With pictures removed, the data below should be returned exactly.

*** Opening Given data ***

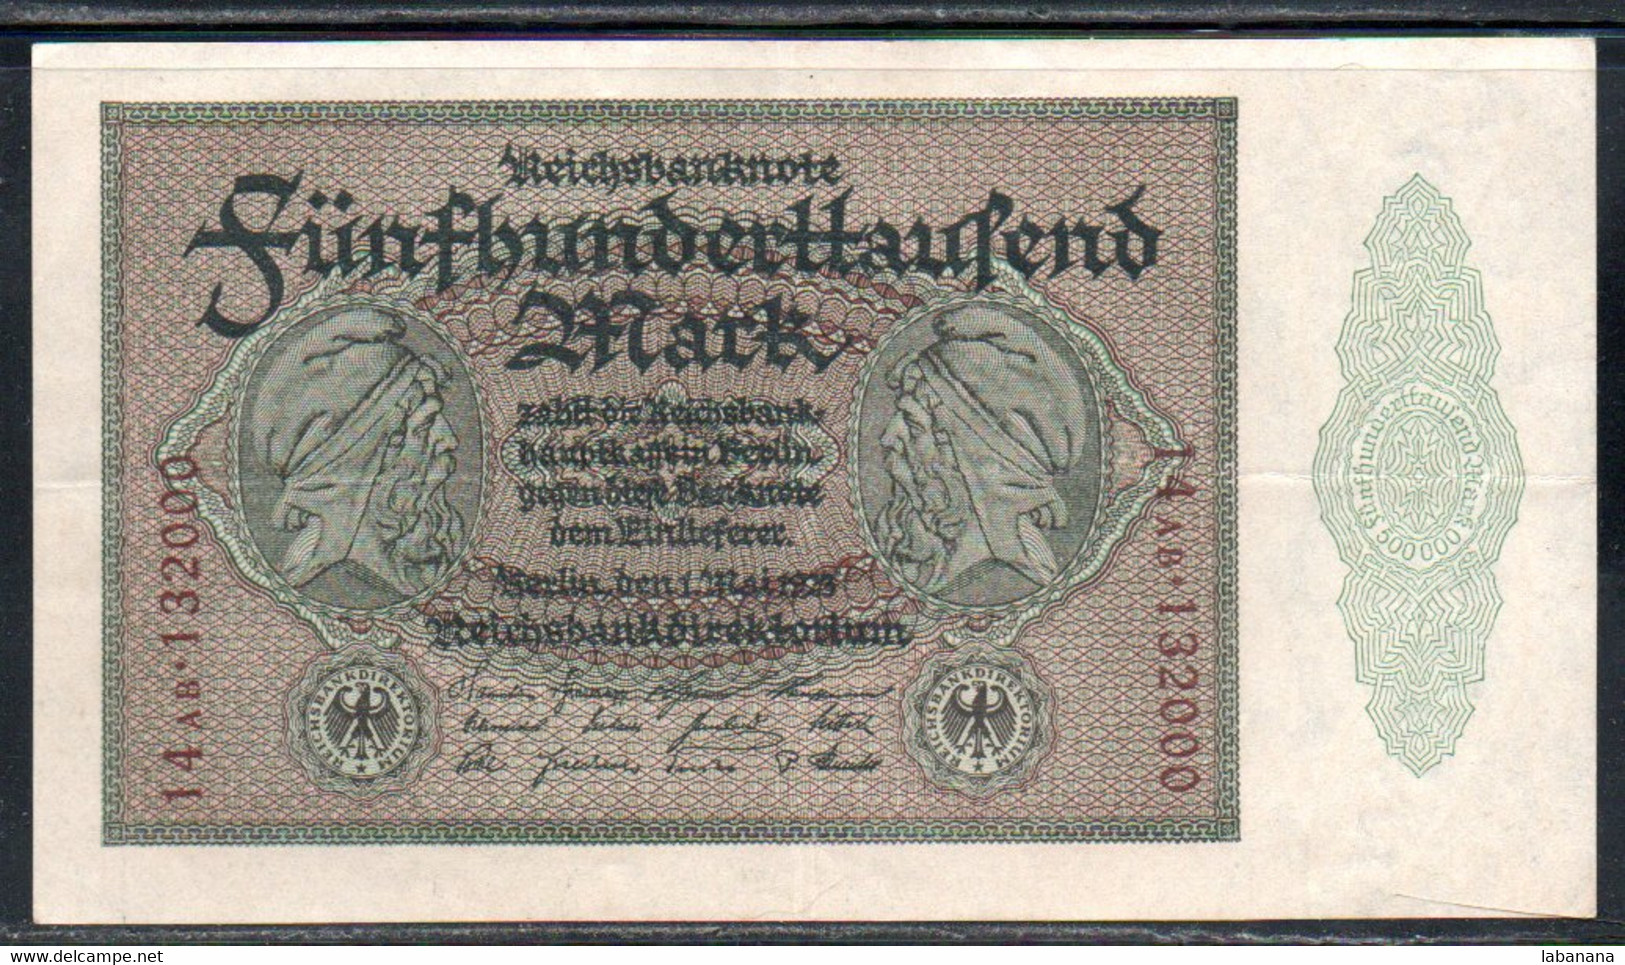 659-Allemagne 500 000m 1923 14AB132 - 500.000 Mark
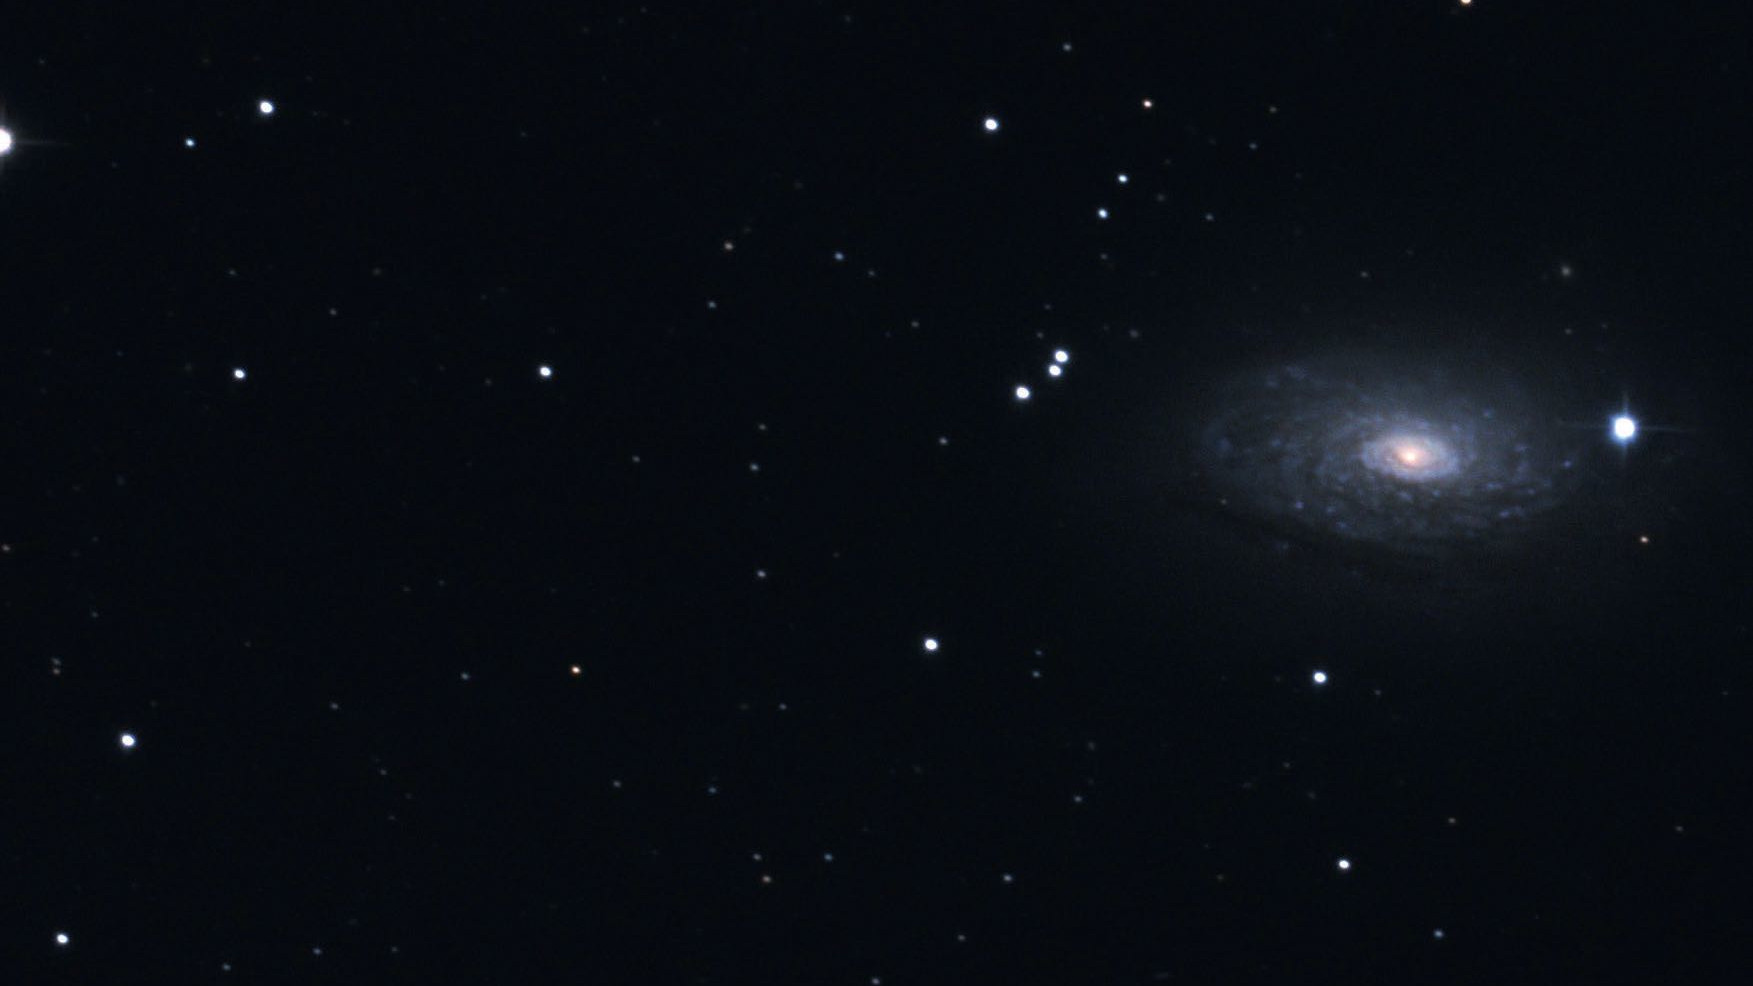 I kikaren nästan en dubbelstjärna:
Foton avslöjar M 63:s galaxkaraktär.
Marcus Degenkolbe

*** Closing Given data ***

> **Reply to the task**:
 659-Allemagne 500 000m 1923 14AB132 - 500.000 Mark
 I kikaren nästan en dubbelstjärna:
Foton avslöjar M 63:s galaxkaraktär.
Marcus Degenkolbe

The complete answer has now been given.